Feinberg study puts HIV drug at forefront of field

Jeff Stone

Four years ago the Feinberg School of Medicine began the first study on the HIV drug Kaletra.

At the time, no one could have predicted Kaletra would become the drug all other HIV drugs would be measured against.

But at a medical conference in San Diego last week, Feinberg Prof. Robert L. Murphy presented an analysis of the school’s study showing that patients still respond to Kaletra after four years.

It marks the first time patients have responded to any protease inhibitor, the type of HIV drug Kaletra is classified as, for this length of time, Murphy said. Protease inhibitors work to prevent the body from duplicating the HIV virus.

“What is unique about Kaletra is that, if it is the first drug taken after finding out one is HIV positive, we have not seen any patients who have developed a resistance to Kaletra,” said Nicole Wesley, manager of pharmaceutical public affairs for Abbott Laboratories in North Chicago.

Kaletra now is the most prescribed protease inhibitor, accounting for 28.6 percent of all sales, Wesley said.

When combined with other drugs, the drug has the ability to lower the amount of HIV in a patient’s blood to undetectable levels, Murphy said.

“It decreases the amount of virus circulating to levels so low that we can’t even measure it,” he said.

Of the 100 people who participated in the study, which began four years ago, 72 still are taking the drug in combination with other HIV drugs.
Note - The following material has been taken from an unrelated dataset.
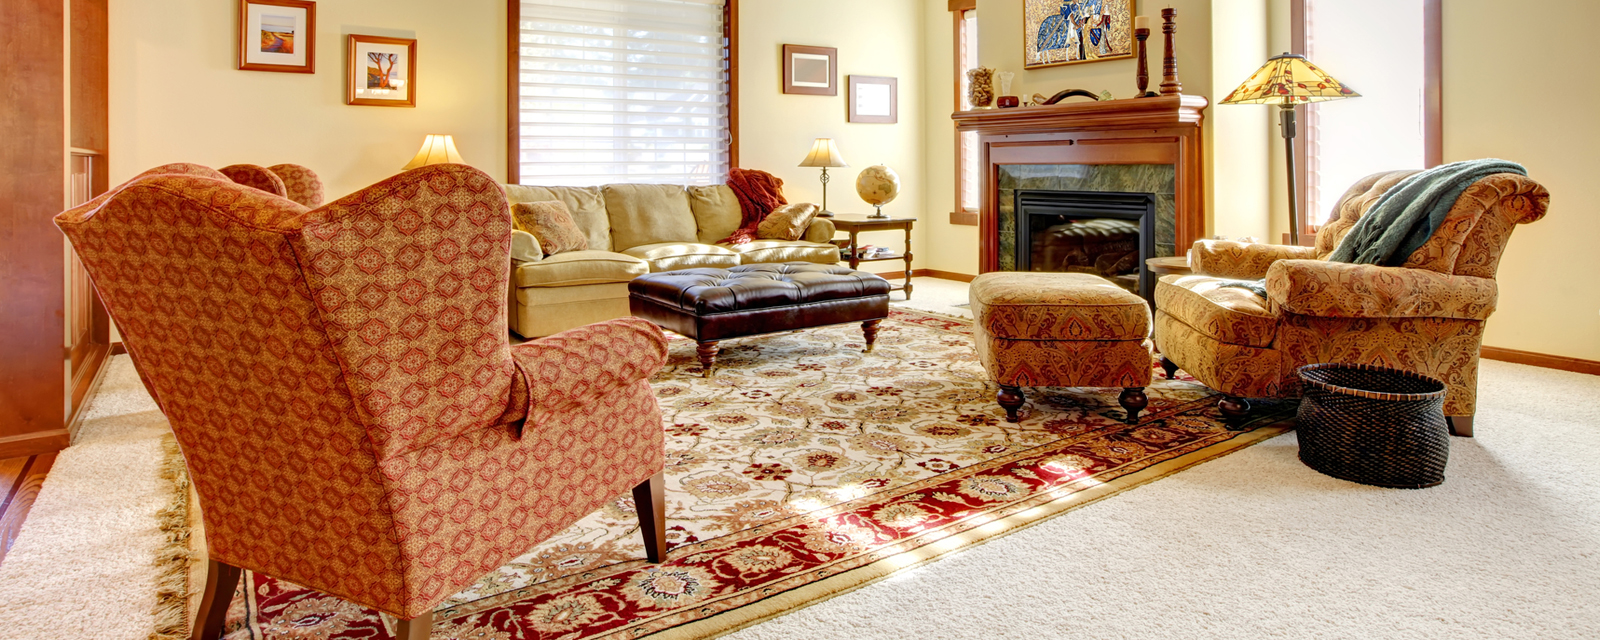 فرش ماشینی فانتزی یا سنتی ؟

None of the 72 has become resistant to the drug’s effects and all had virtually undetectable levels of the virus, Murphy said.
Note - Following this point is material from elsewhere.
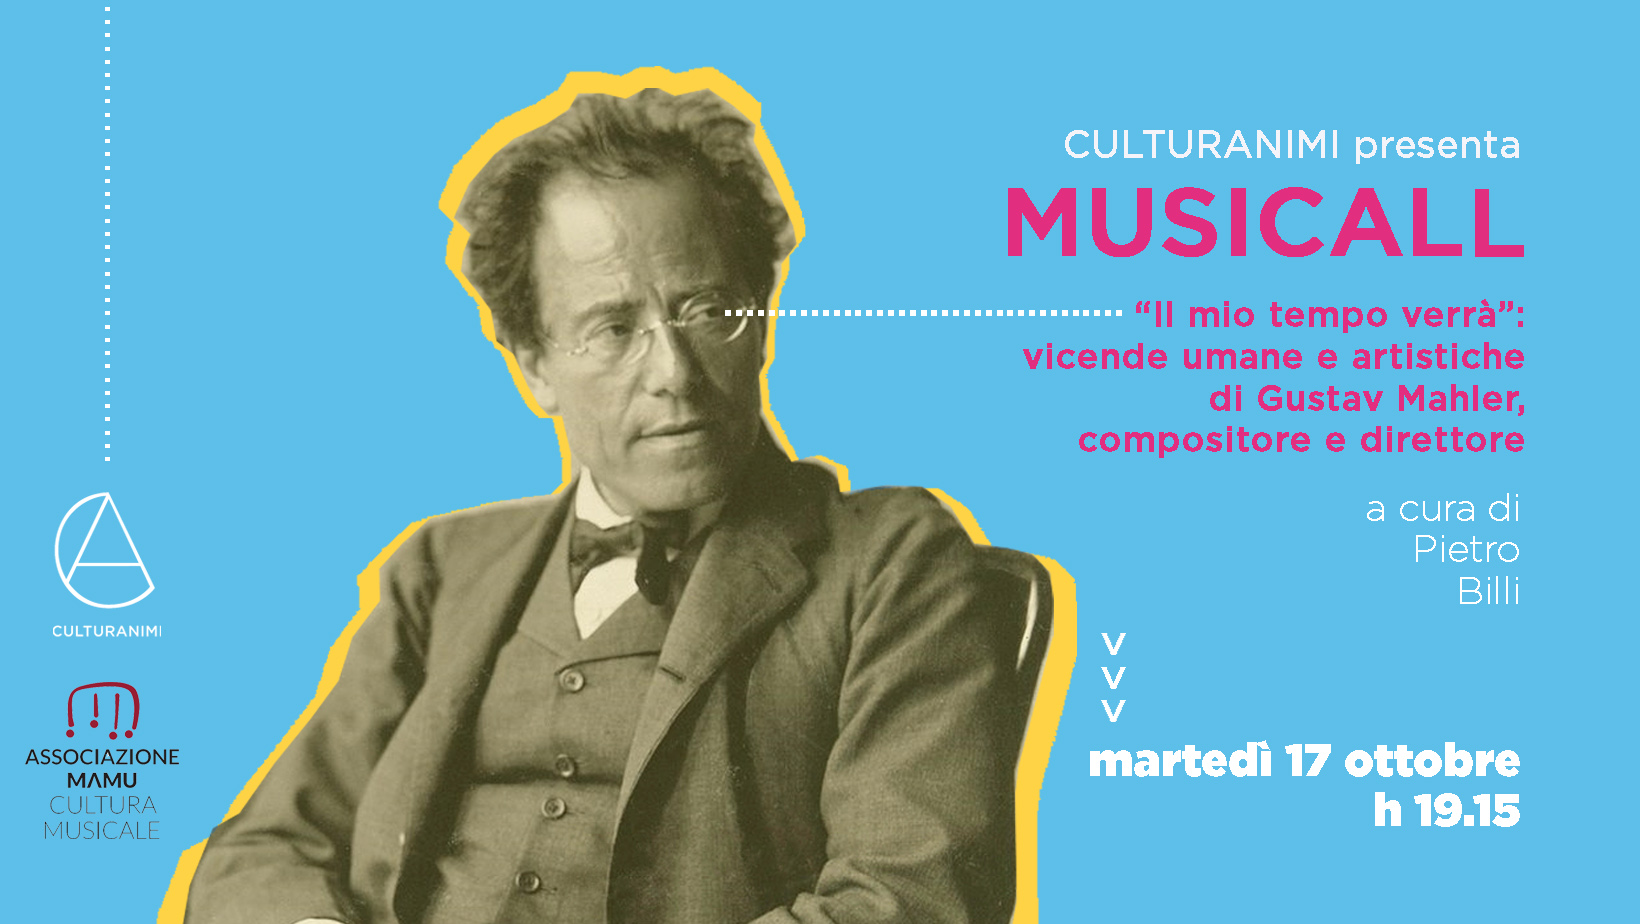 Culturanimi - Mahler

As the amount of HIV in the blood decreases, there is a lower chance that the patient can transmit the virus to others, including unborn children, Murphy said.

“For women who are pregnant, if they have low levels of the virus, they typically do not transmit it to their babies,” he said.

Kaletra works best in patients who have never taken any HIV medicine, because such patients have not had the chance to build up resistances to other medicines, Wesley said.

Currently, the Food and Drug Administration is reviewing Kaletra for approval.